I diffed the database configs. Identical, near enough. I checked the indexes existed in production. They did. I ran EXPLAIN in staging and got a clean index scan, exactly what you'd want. I was building a case that production's planner was somehow making a worse decision, which does happen, and I was halfway to blaming statistics being out of date.

Then I ran the same EXPLAIN ANALYZE in production and actually read it instead of skimming for the word "index". The plan was the same. The index was used. The difference was the row count flowing through it: staging had a few thousand rows behind that join, production had several million. The query wasn't doing anything different. It was doing the same correct thing to a hundred times more data, and the bit of the plan that was linear in row count was the bit that had quietly become the whole cost.

Source code on a screen

My assumption, never stated, was that staging was representative. That because the schema matched and the query matched and the indexes matched, a result that was fast in staging would be fast in production by the same margins. Staging had been seeded with a tidy, small, well-behaved dataset years ago and nobody had ever made it lopsided the way real data is lopsided. So the query that filtered down to a handful of rows in staging filtered down to a small city's worth in production, and the part of the plan I'd glanced past, an in-memory sort that fit comfortably on a few thousand rows, was spilling to disk on millions.

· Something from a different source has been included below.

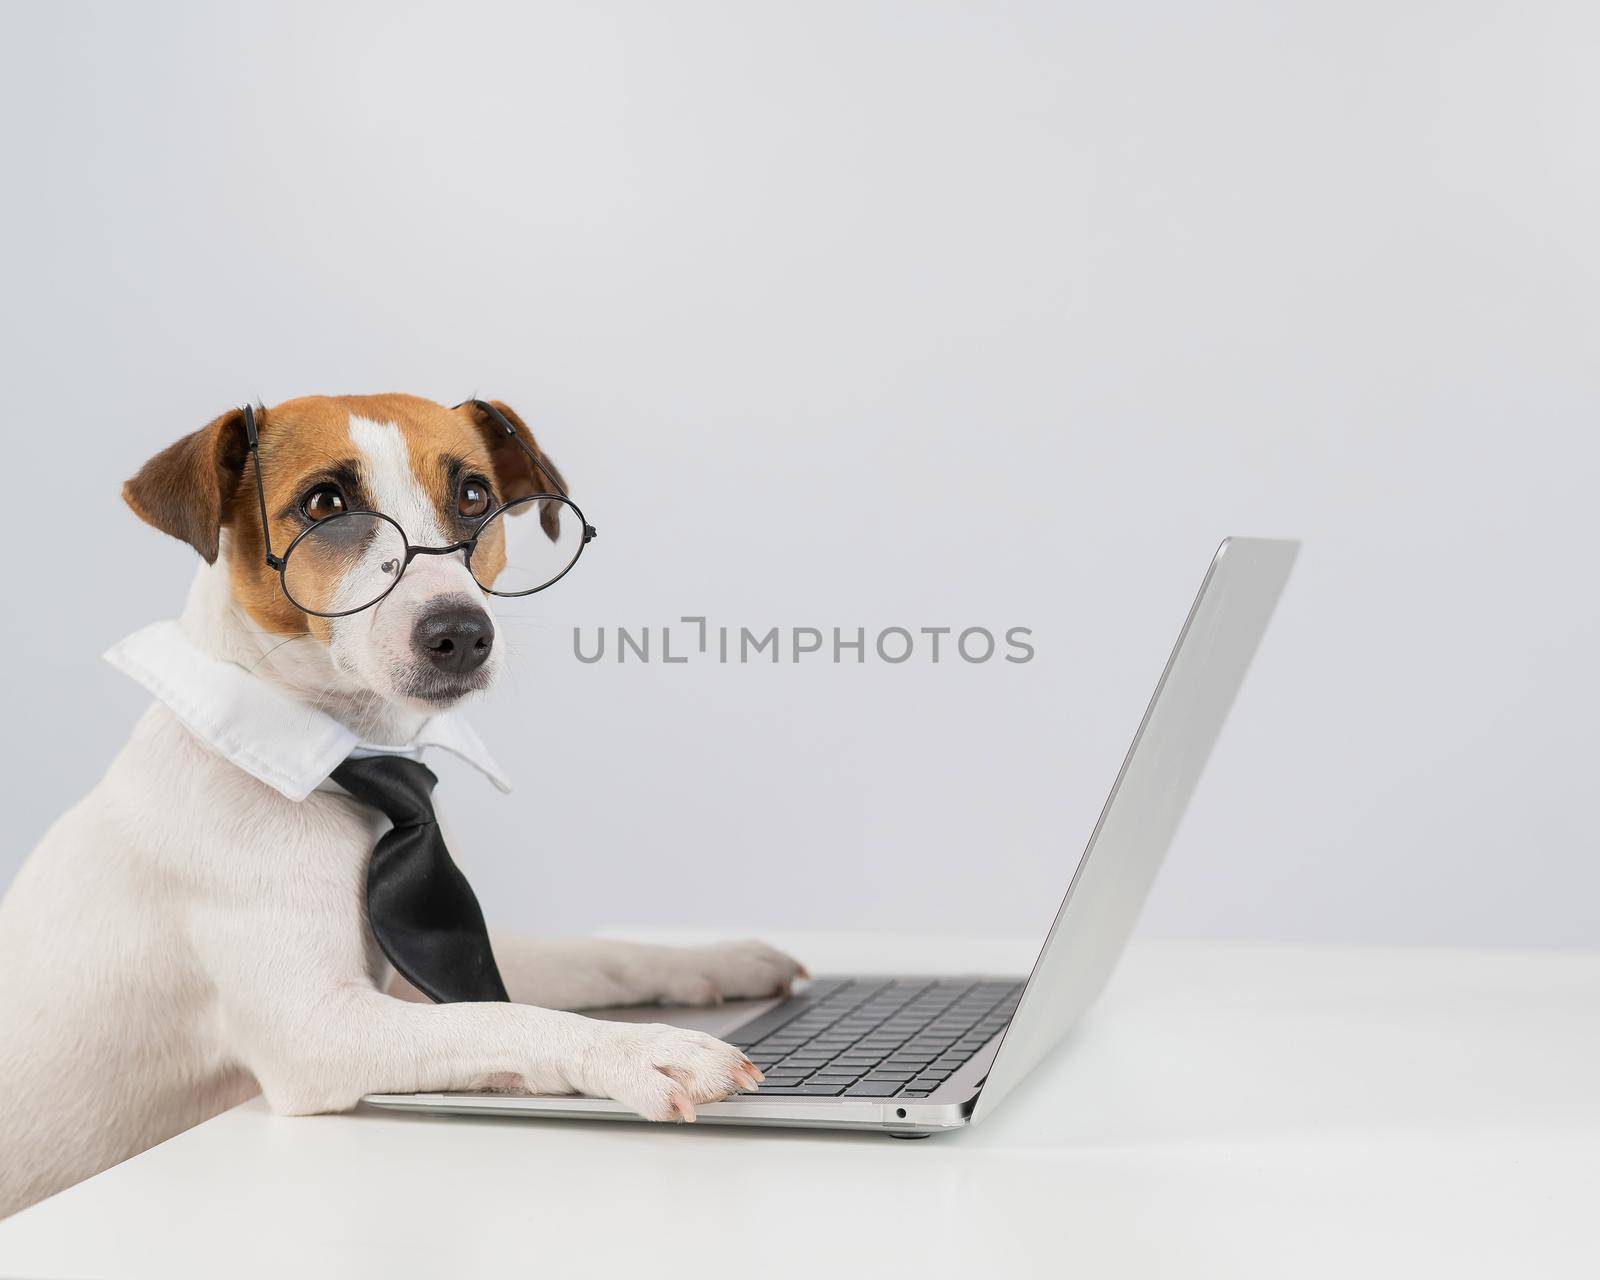 Jack russell terrier dog in glasses and tie works on laptop on white background

The actual fix was boring once I understood it: a composite index that let the database filter and order in one pass, so the sort never had to materialise the whole set. Forty milliseconds in both environments after that. But the fix isn't the point. The point is that for an hour I was debugging a problem that didn't exist, a phantom production-only misconfiguration, because I'd assumed the two environments were the same in the one dimension that actually differed. The code was right the entire time. The bug was that I'd let "it works in staging" mean more than it was ever entitled to mean. Now I check the row counts before I check anything clever.